The statue of Our Lady of Manaoag is a 17th-century ivory and silver image of the Virgin Mary with The Child Jesus enshrined at the high altar of the Basilica. It was brought to the Philippines from Spain via the Manila galleon trade from Acapulco, Mexico, in the early 17th century by Padre Juan de San Jacinto.

Documents dating back to 1610 attest that a middle-aged farmer walking home heard a mysterious female voice. He looked around and saw on a cloud-veiled treetop an apparition of the Virgin Mary, holding a Rosary in her right hand and The Child Jesus in her left arm, all amidst a heavenly glow. Mary told the farmer where she wanted her church to be built, and a chapel was built on the hilltop site of the apparition, forming the nucleus of the present town.

Our Lady of the Rosary is depicted in other countries with similar attributes, with the accoutrement and style of the vestments varying across cultures. The Manaoag image is distinct from other statues in its sculpture and regalia, particularly its crown.

A pilgrim replica of the image also exists and is toured around parishes in the Philippines for veneration.

Regalia and security 
The image of Our Lady of Manaoag and her bejeweled crown are considered priceless. There have been several attempts to burglarize the Manaoag Shrine of the jewels sewn into the icon's dress and set into its regalia which include crowns, halos, rosary,  scepters, and marshal's baton.

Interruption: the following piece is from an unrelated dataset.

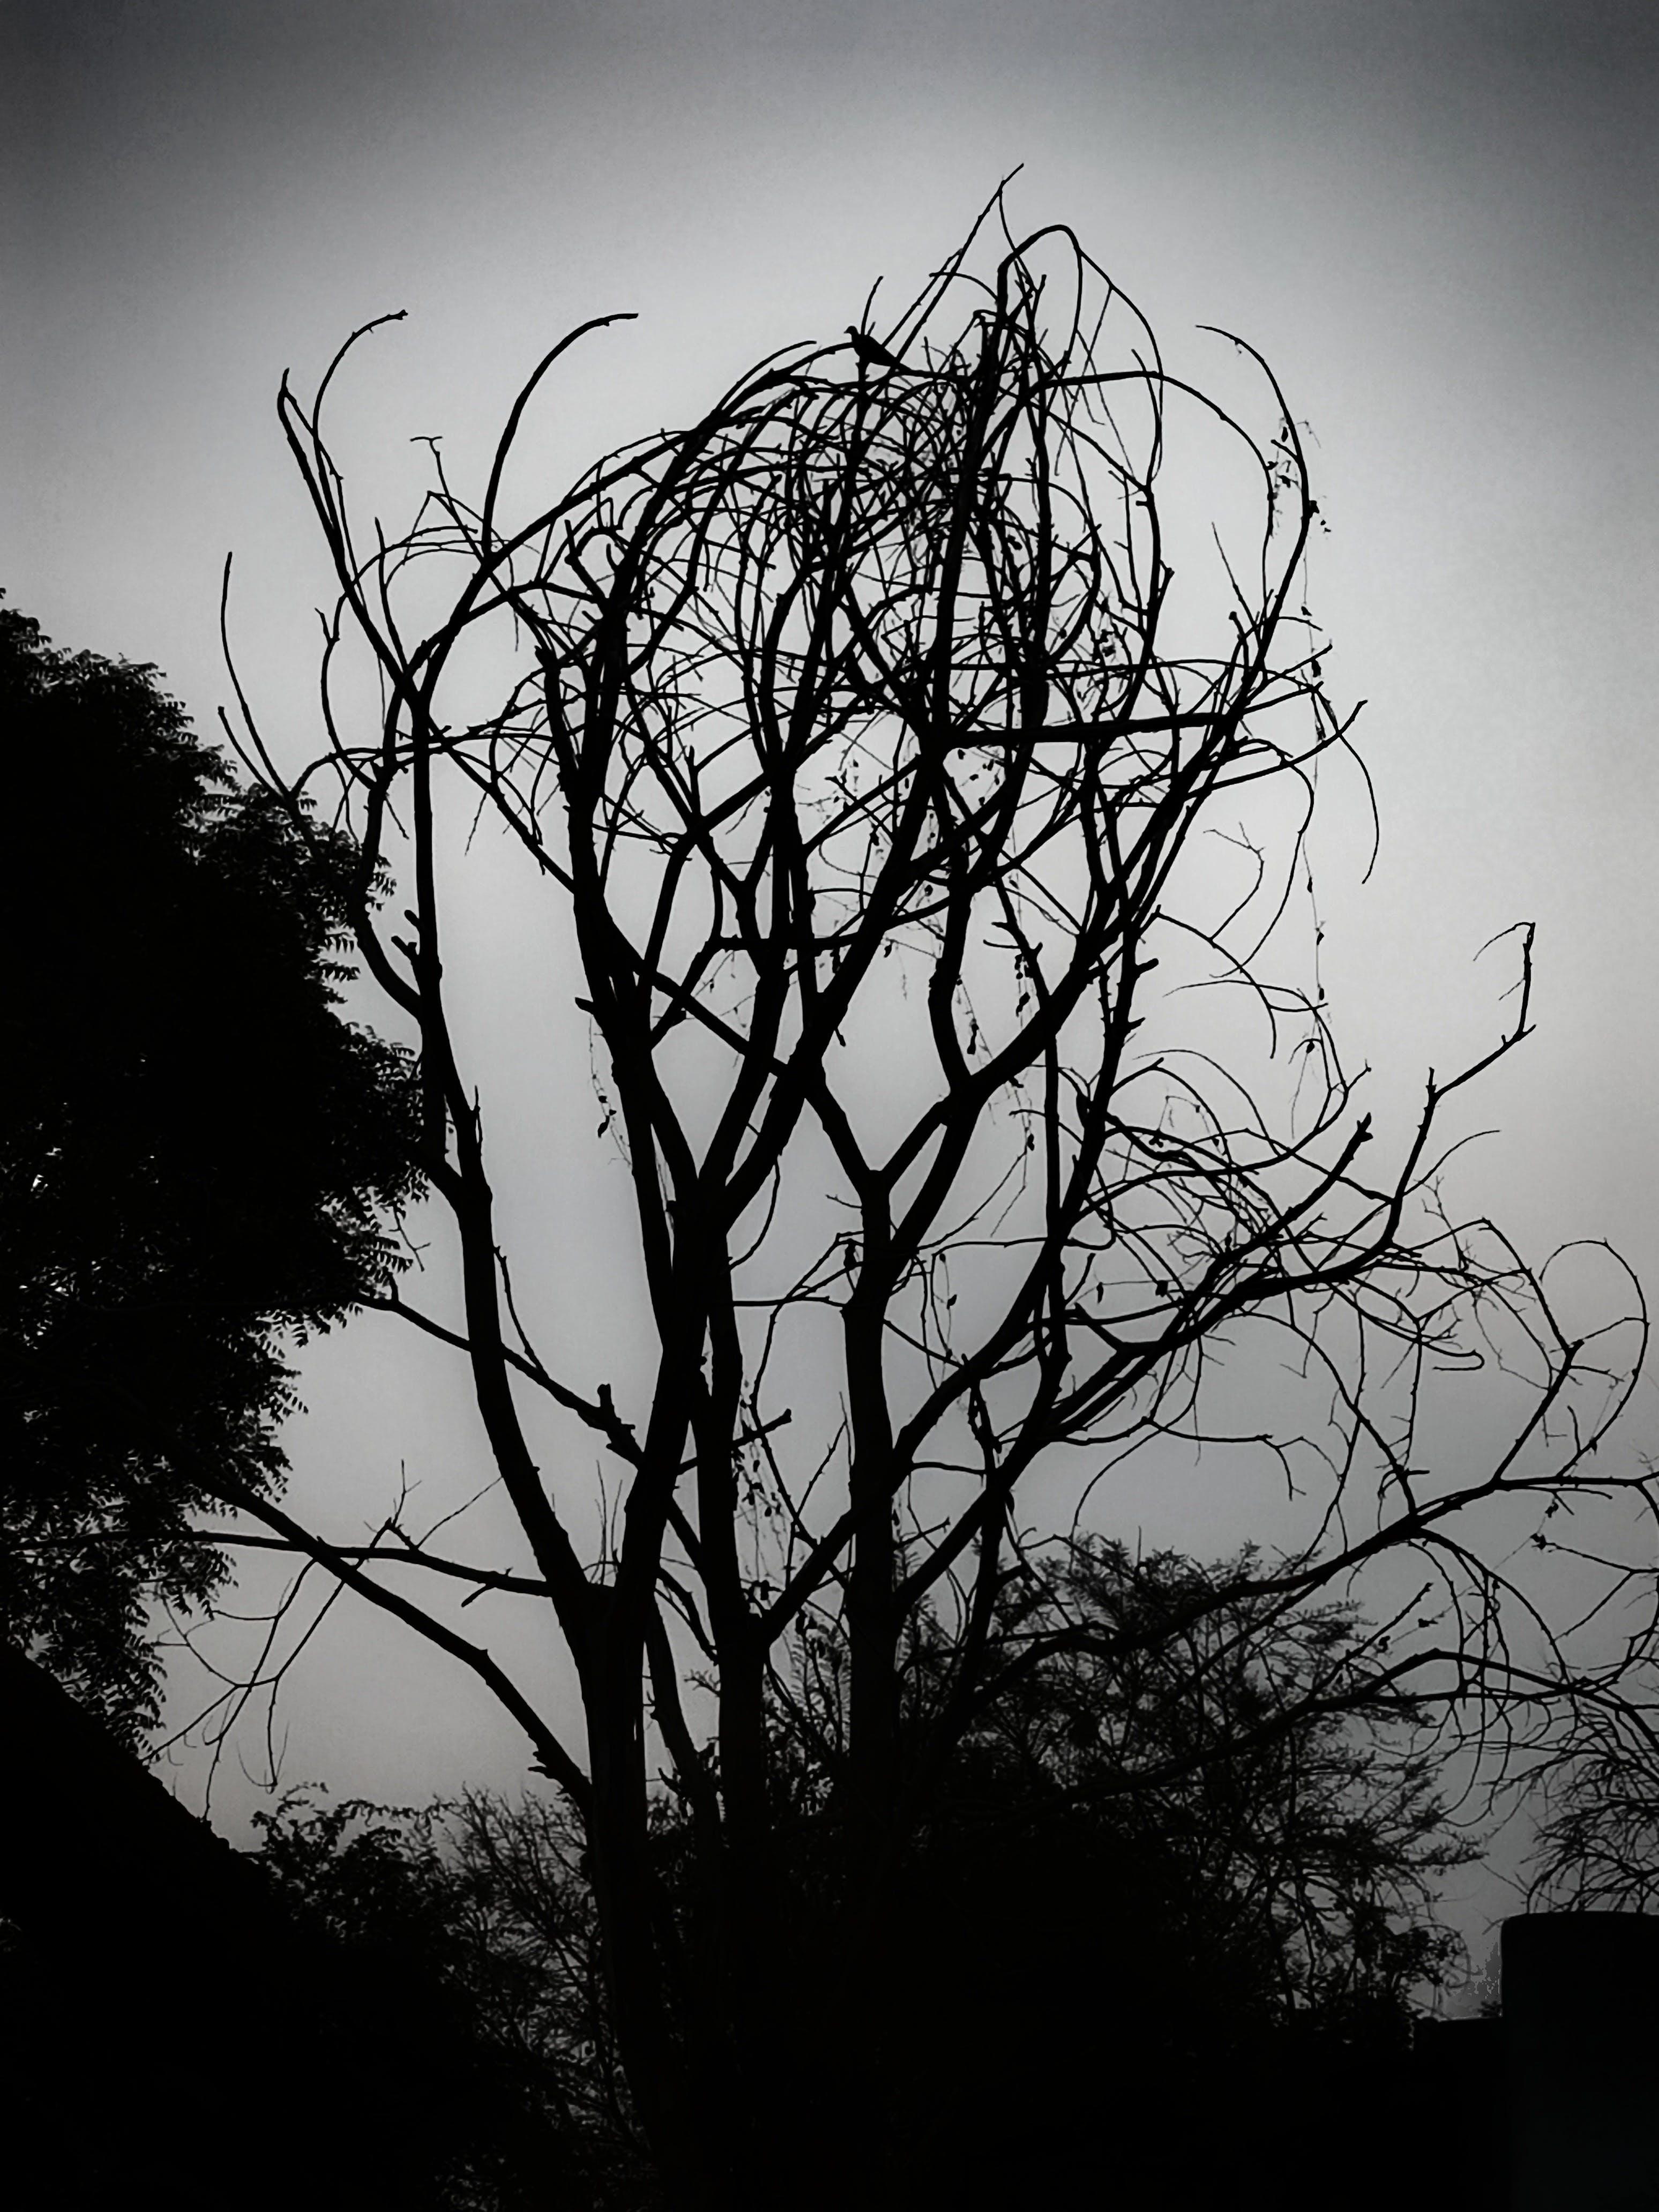 Gratis stockfoto met #autumn #nature #photography #sky #photooftheday #, #deadtree #nature #tree #photography #trees #sky #

Several of her golden crowns and halos are deposited at the shrine's museum, donated by both local and foreign devotees. An expensive collection of liturgical vestments that have been used by the image and the Dominican priests are also on display, as are an array of perfumes used to anoint the image. These are ex-votos given by devotees and pilgrims from around the world.

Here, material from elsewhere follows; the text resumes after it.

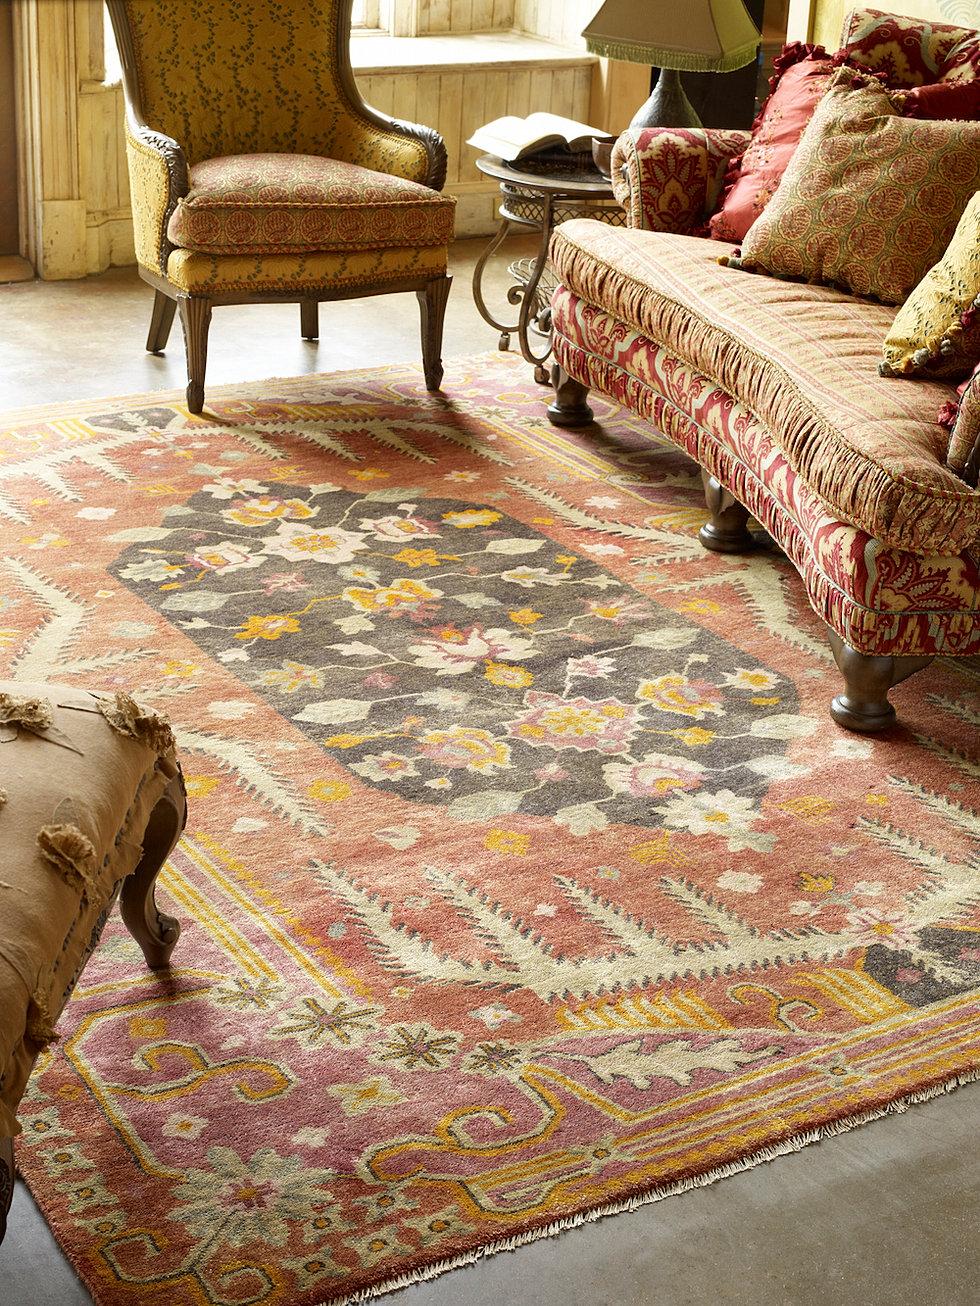 rug tx ct dallas stark ilves sale carpet norwalk s rugs info

The image of Our Lady of Manaoag is fully secured within a bulletproof glass enclosure above the new high Altar, which has additional wood carvings, an elevated pedestal, and four golden candelabras. The coat-of-arms of the Dominicans is embedded above the image's window as a demonstration of the Order's devotion to her. The bas-relief, made of narra carvings beneath her throne that beautifully depicts the historic events in the devotion to Our Lady, has been refurbished.

The archdiocese, in line with the Filipino custom of venerating an image by touching its body or clothing, constructed a staircase that rises to the Veneration Room on the second floor behind the apse. The room has pews in front of the alcove behind the image's shrine. Supplicants kneel before the glass  small window behind the image's base to pray and touch the hem of the image's mantle, often dropping written prayers into a nearby box. After venerating the image, devotees pass through the religious goods shop on their way out.

Veneration

Miracles 

Some of the earliest miracles attributed to Our Lady of Manaoag, including the original apparition, are depicted in the murals in the church.

In the early days of the Spanish era, animist mountain tribes burnt down newly-Christianized villages. The town of Manaoag was among the settlements that were burnt by the raiders, sending the locals fleeing to the thatch-roofed church. The pillagers's leader climbed over the church compound's crude fence and shot flaming arrows at all parts of the church, but the building miraculously did not catch fire.

During the Second World War, enemy Japanese forces dropped several bombs within the church's vicinity. The structure was only moderately damaged. Four bombs were released above the church, with three landing on the plaza and the facade, destroying both. The last bomb fell into the sanctuary, but miraculously did not explode. The supposed presence of chrysanthemum flowers in the church prevented the Japanese soldiers from doing acts of desecration, due to the flower being revered in their culture.

Other miracles recounted and attributed to the Lady of Manaoag includes rainfalls during droughts, reviving an already-dead boy through holy intercession and holy water, stopping a fire that originated from the church, and resisting various attempts at relocating the shrine.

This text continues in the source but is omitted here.